Meesho saw a sharp improvement in unit economics, with its contribution margin rising from Rs 5,658 crore in FY23 to Rs 14,836 crore in FY25 despite a one-time restructuring hit to net profit. Cloud-kitchen operator Curefoods narrowed its FY25 loss to Rs 95 crore from Rs 167 crore. D2C furniture brand Wakefit reduced its loss to Rs 31 crore from Rs 74 crore as EBITDA improved with offline expansion. Shiprocket also strengthened its financials, cutting its net loss to Rs 74 crore in FY25 from Rs 341 crore a year earlier while improving fulfilment and shipping metrics.
“Founders have realised the market will not reward companies that keep burning cash without discipline. The moment losses come down and growth becomes steady, the market respects them — but if you are making losses and not growing, that becomes a problem,” said the founder of an IPO-bound startup, requesting anonymity.
Are startups boosting profits with real improvements—or accounting tweaks?
But not every improvement showing up in draft filings reflects underlying business strength. Alongside companies that have tightened operations over multiple years, a few have relied on one-time gains and accounting adjustments that make profitability appear stronger in the quarters leading up to a listing. The distinction has become more important as public-market investors scrutinise how these profits are being generated.
Urban Company, for instance, turned profitable ahead of its draft filing largely because of a Rs 211 crore deferred tax credit. Once listed, the company slipped back into a Rs 59 crore loss in the September quarter, underscoring how sensitive its reported profitability is to one-off items. Lenskart’s FY25 profit of Rs 297 crore was similarly shaped by Rs 356 crore of other income, including a Rs 167 crore non-cash gain from remeasuring deferred consideration from its 2022 Owndays acquisition. Pine Labs also swung into the black in Q1 FY26 after booking a Rs 354 crore deferred tax credit against a pre-tax loss of Rs 93 crore.
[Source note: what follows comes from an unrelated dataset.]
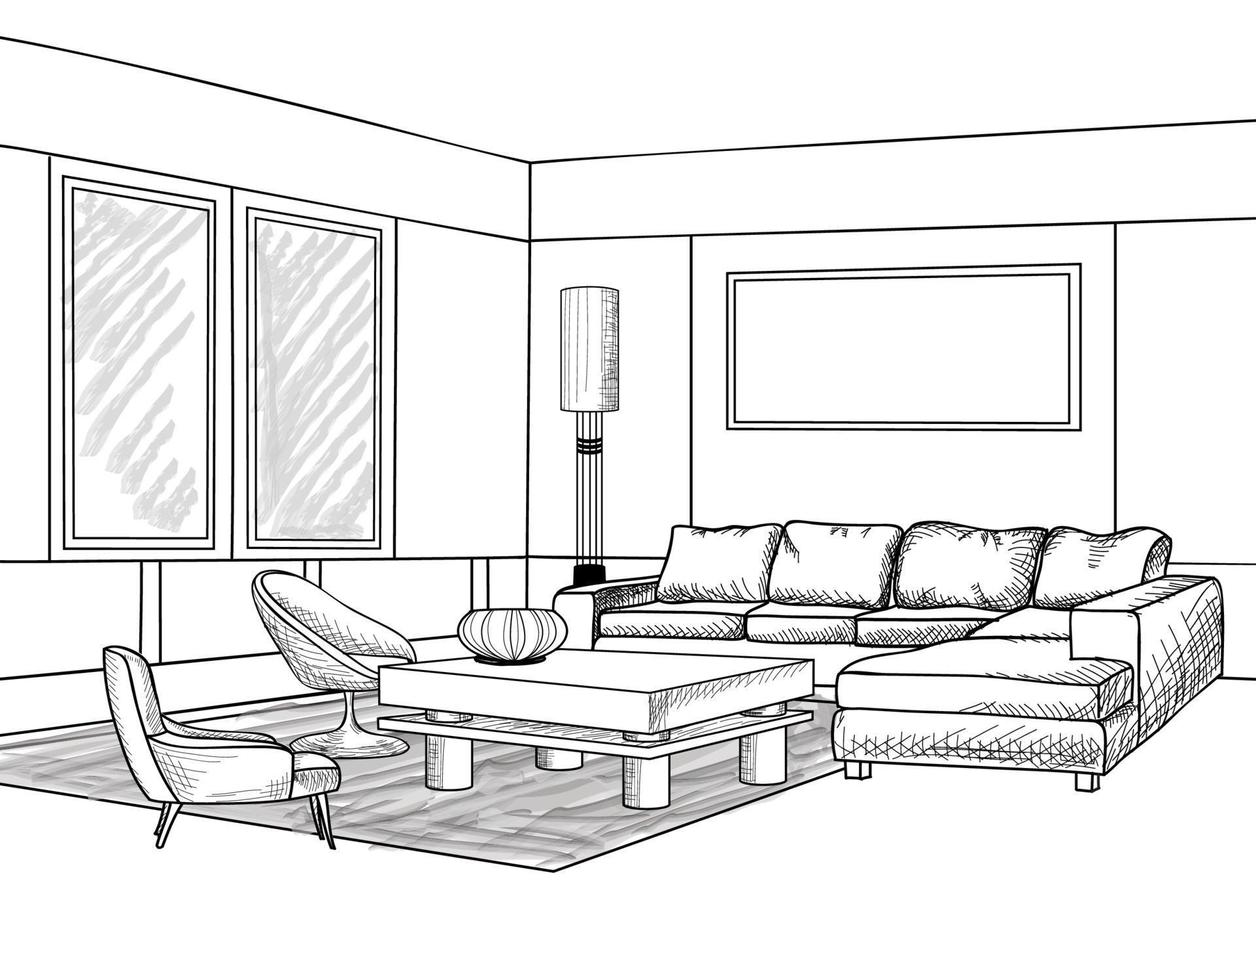 intérieur du salon de la maison. croquis de contour de meubles avec canapé, étagères, table. conception de dessin de salon. gravure illustration de dessin à la main vecteur

Several of the technology companies are compounding and growing which is why short-term profits are compromised, according to Ambareesh Baliga, an independent public markets participant, had said earlier. “As long as the bread and butter businesses, the core units, of these new-age companies are growing and are profitable and these companies are also adding new verticals, they will continue to attract investor interest,” he said.
For such businesses, it is usually the new verticals that are responsible for the losses. “Earlier it was one vertical which was profitable and the second vertical being in the investment stage, because of which they were showing a loss. Two-three years later, these tech companies will have two or three verticals making profits and one vertical making a loss, so net-net they’ll be profitable.” Baliga said. “Investors cannot stick to the same old idea that a business should be run in a particular and traditional way only. The world is changing,” he added.
What will determine which IPO-bound startups succeed after listing?
As the next set of DRHPs moves through the pipeline, investors say the real test will come after listing, when quarterly results begin to show whether these profit improvements can hold without one-time boosts. Companies with a genuinely profitable core are expected to find more stable demand, while others may face the same valuation pressure that hit the 2021–22 cohort.
For now, the message from both public and private markets is clear: profitability is no longer a box to tick before filing but a threshold companies are expected to sustain. The coming year will reveal how many of these issuers can carry that discipline into life as listed firms.